Question

Given: The percentage error in the measurements of A, B, C, and D are respectively 4%, 2%, 3%, and 1%. The relative error in $Z = \frac{A^4 B^{1/3}}{C D^{3/2}}$ is

• A. 127/2 %
• B. 127/5 %
• C. 127/6 %
• D. 127/7 %

Answer 1

The Correct Option is C

Given the expression for \( Z \) as: \[ Z = \frac{A^4 B^{1/3}}{C D^{3/2}}, \] the relative error in \( Z \) can be calculated by using the formula for propagation of errors in a product or quotient of quantities. The relative error in \( Z \) is the sum of the relative errors in the individual quantities, each multiplied by the corresponding power in the expression.
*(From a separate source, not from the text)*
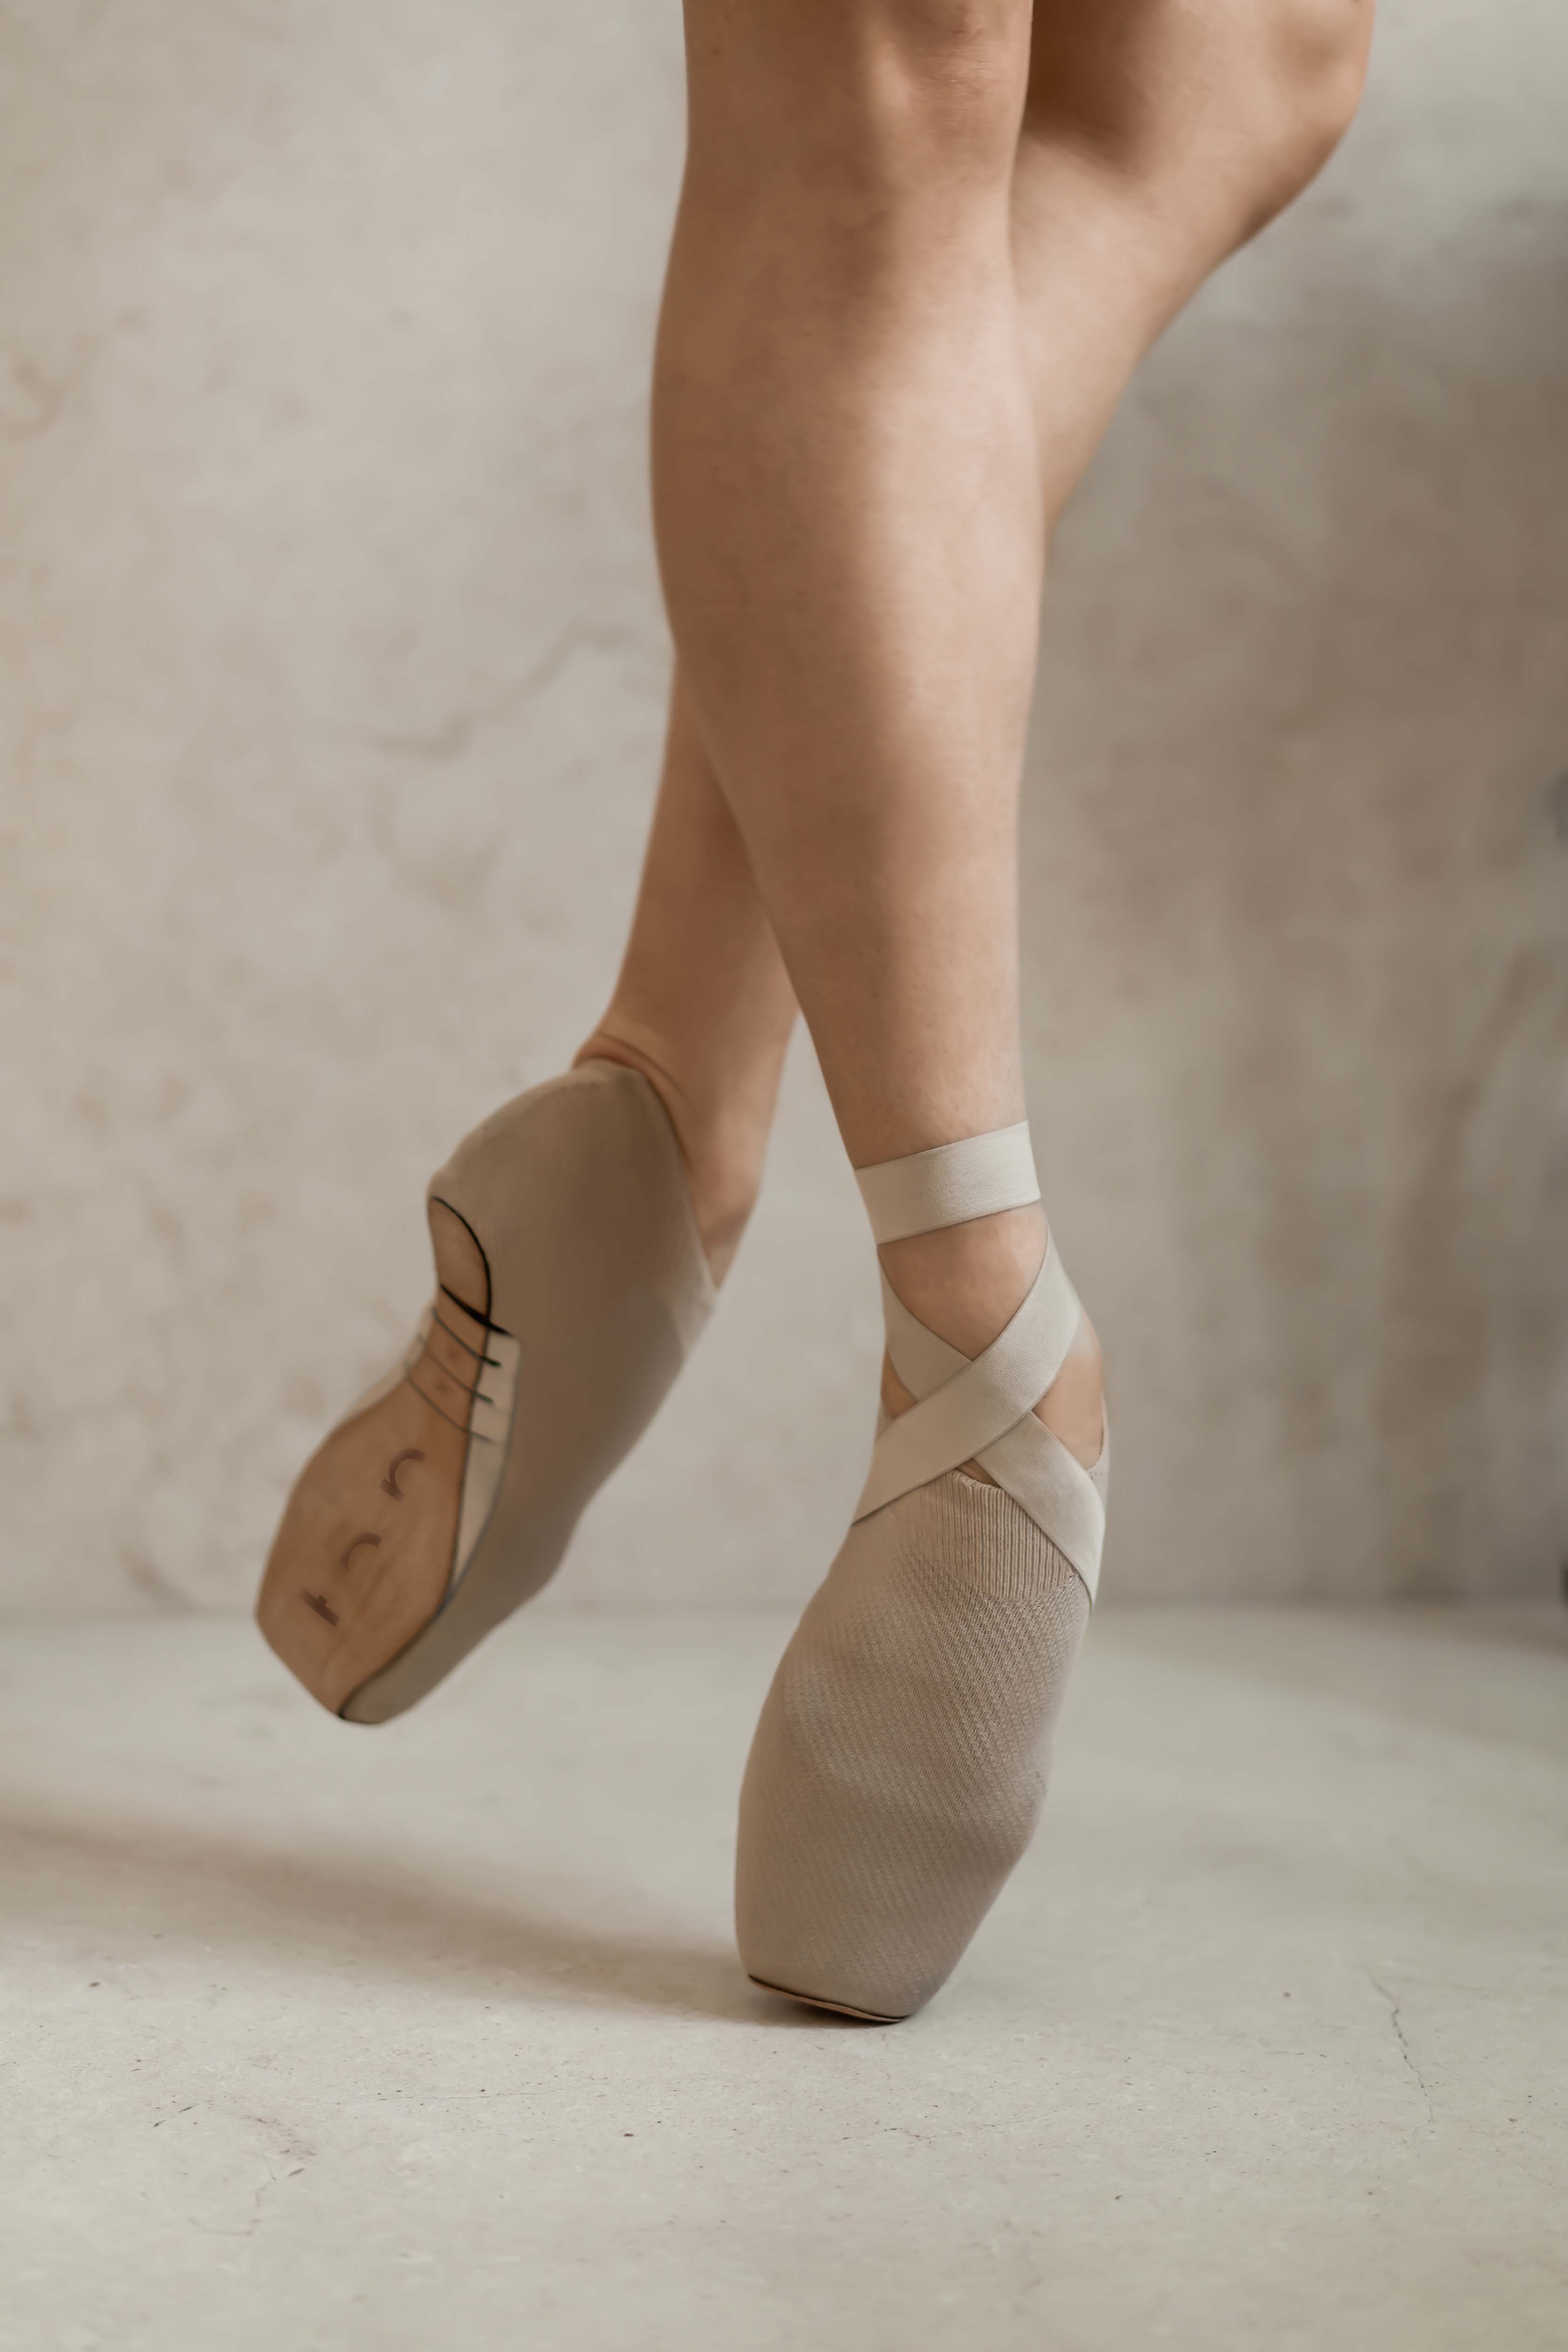 Act'Pointes (Pre-Orders Only)

The relative error in \( Z \) is given by: \[ \frac{\Delta Z}{Z} = 4 \frac{\Delta A}{A} + \frac{1}{3} \frac{\Delta B}{B} + \frac{\Delta C}{C} + \frac{3}{2} \frac{\Delta D}{D}. \] Substitute the given percentage errors: - The percentage error in \( A \) is 4%, - The percentage error in \( B \) is 2%, - The percentage error in \( C \) is 3%, - The percentage error in \( D \) is 1%. Thus, the total relative error is: \[ \frac{\Delta Z}{Z} = 4(4\%) + \frac{1}{3}(2\%) + 3\%(1) + \frac{3}{2}(1\%). \] Simplifying: \[ \frac{\Delta Z}{Z} = 16\% + \frac{2}{3}\% + 3\% + \frac{3}{2}\% = 16\% + 0.67\% + 3\% + 1.5\%. \] The total relative error is: \[ \frac{\Delta Z}{Z} = 16 + 0.67 + 3 + 1.5 = 20.17\% \approx 127/6\%. \] Hence, the relative error in \( Z \) is: \[ \boxed{127/6 \%}. \]